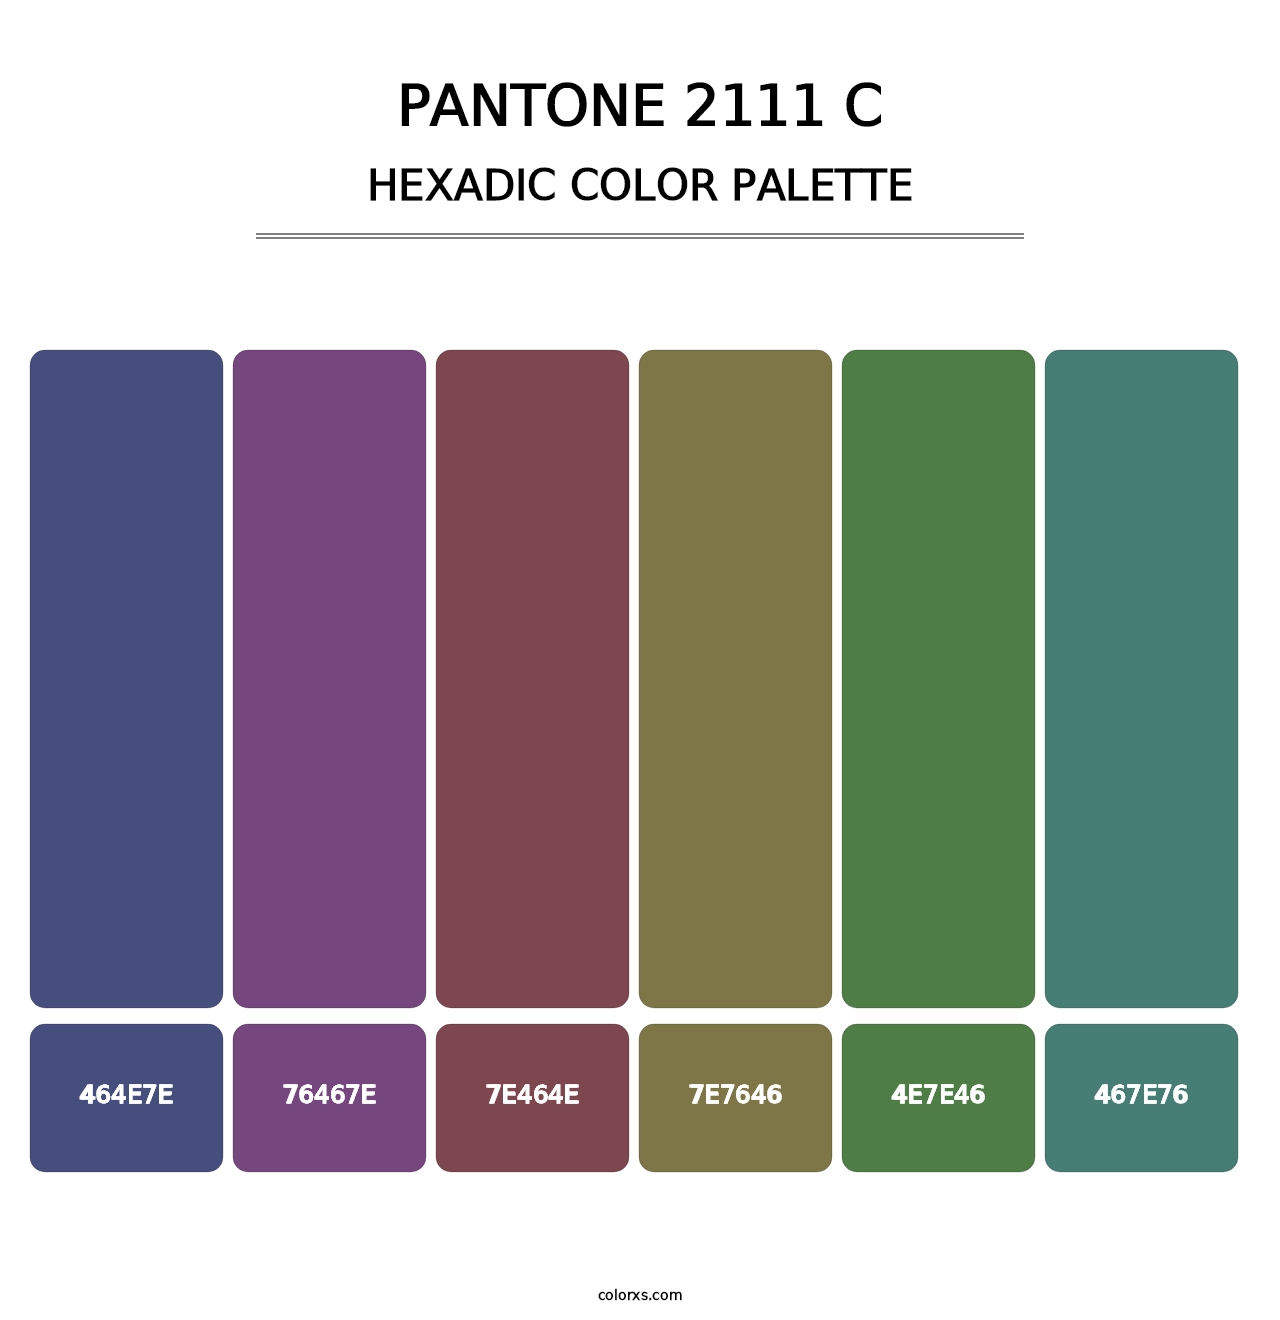 PANTONE 2111 C - Hexadic Color Palette
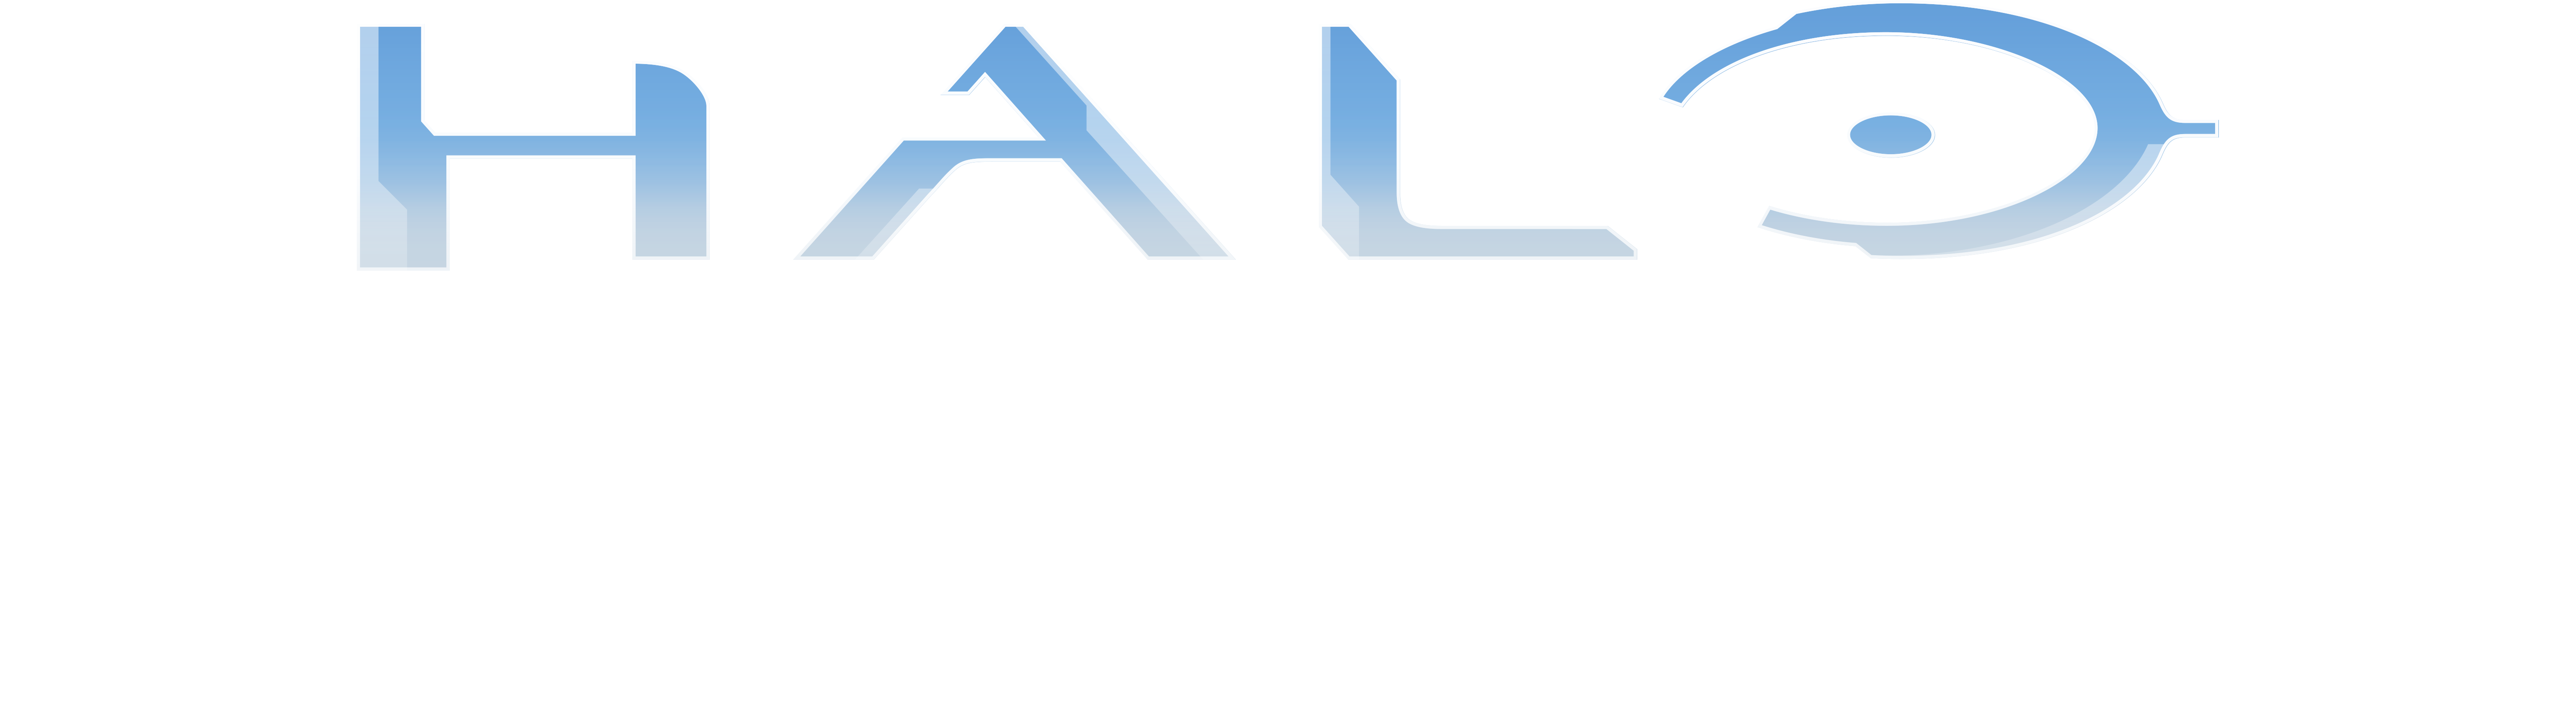 halo infinite logo
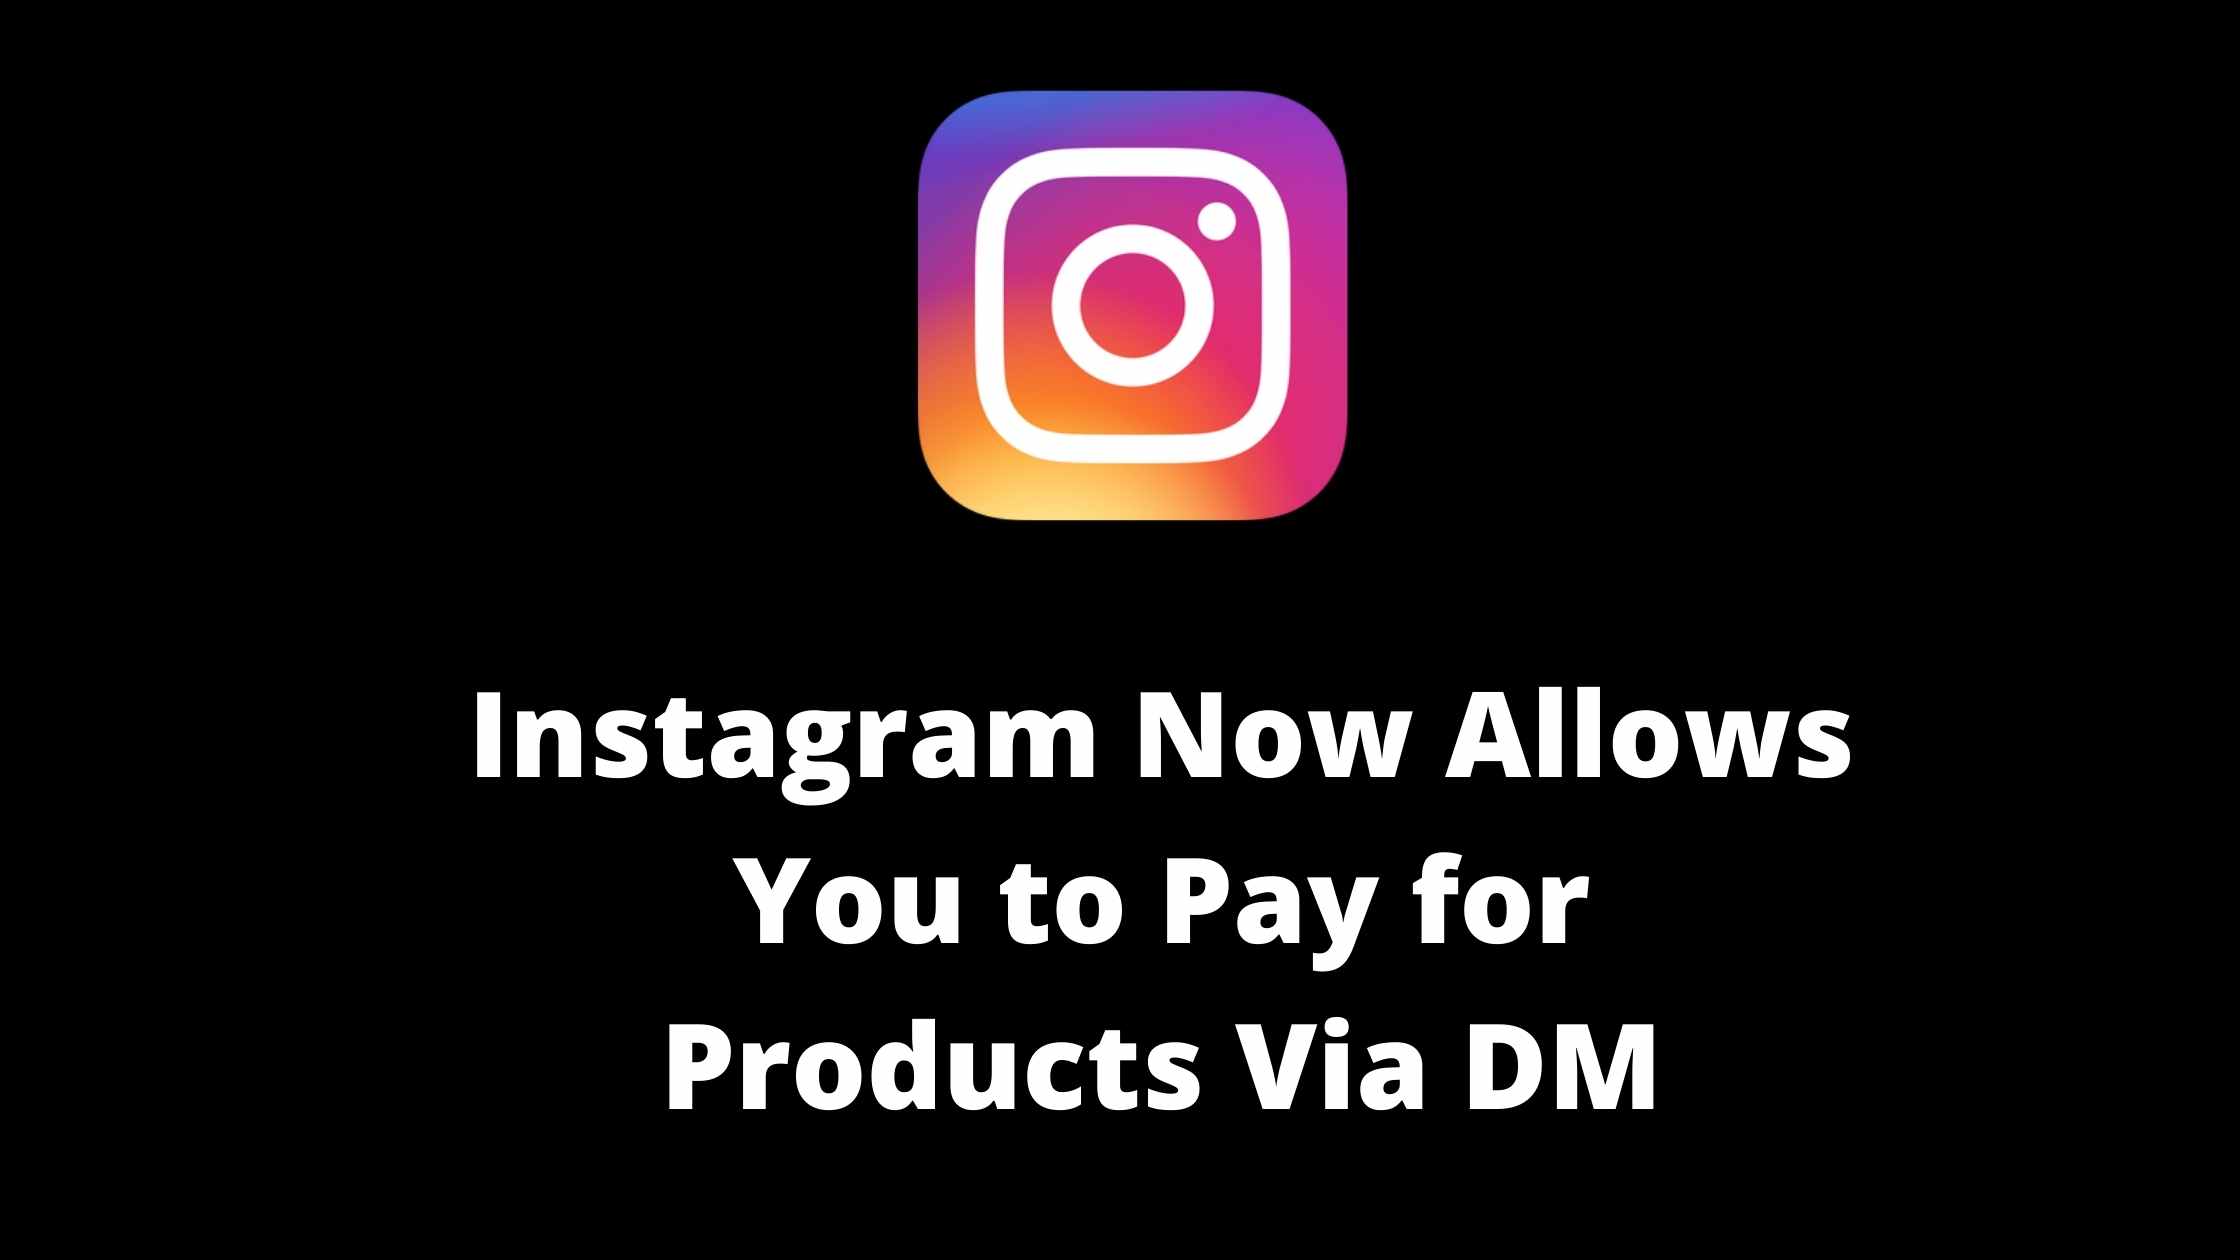 Instagram to allow payment via DM

Task directions:
Transcribe the listing above exactly, leaving every picture out.

Response for this exercise:
 PANTONE 2111 C - Hexadic Color Palette
 halo infinite logo
 Instagram to allow payment via DM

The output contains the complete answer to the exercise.